Information supplied ▸
-=-=-

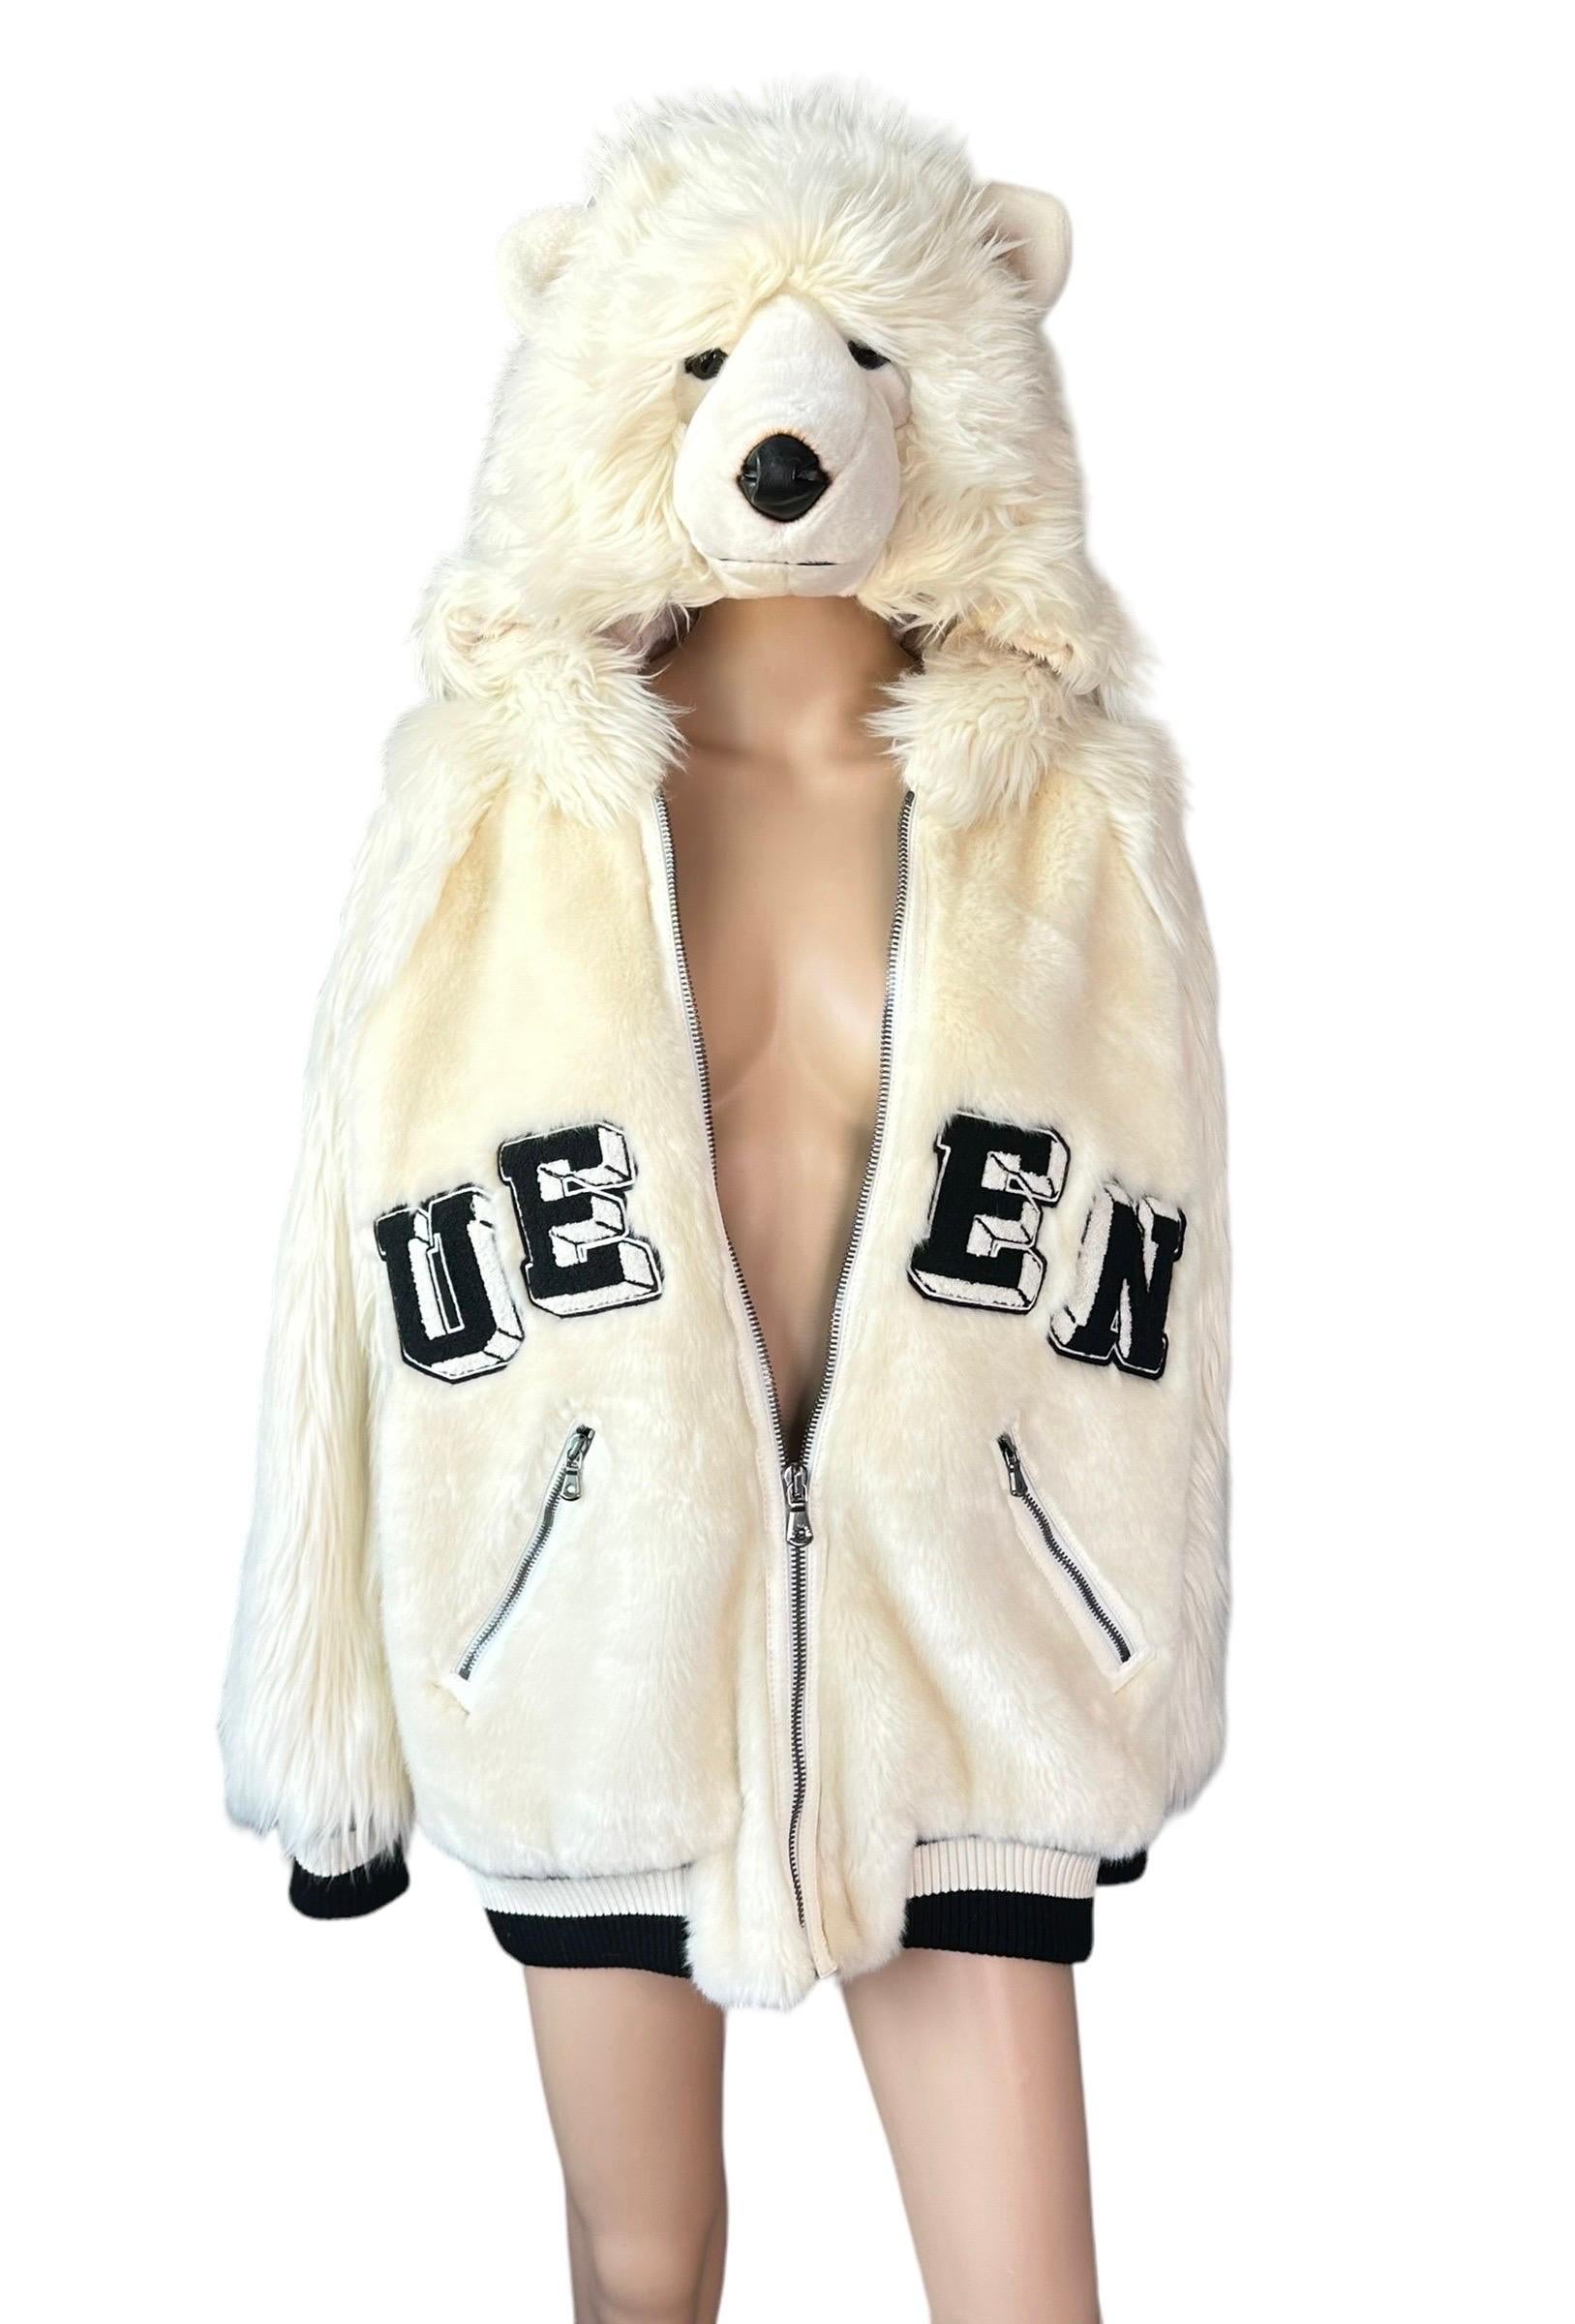 Dolce & Gabbana F/W 2017 Runway Teddy Bear Queen Eco Fur Hoodie Bomber Jacket Coat IT 40

Look 33 de la Collectional de l'automne 2017.

Dolce & Gabbana propose un blouson bombardier à capuche en fausse fourrure matelassée avec capuche à tête

-=-=-

Exercise description ▸ Quote only the lines from the line containing "Look 33 de la Collectional de l'automne 2017." through the end of the listing, please, keeping both the first and the last line.

Written reply ▸
Look 33 de la Collectional de l'automne 2017.

Dolce & Gabbana propose un blouson bombardier à capuche en fausse fourrure matelassée avec capuche à tête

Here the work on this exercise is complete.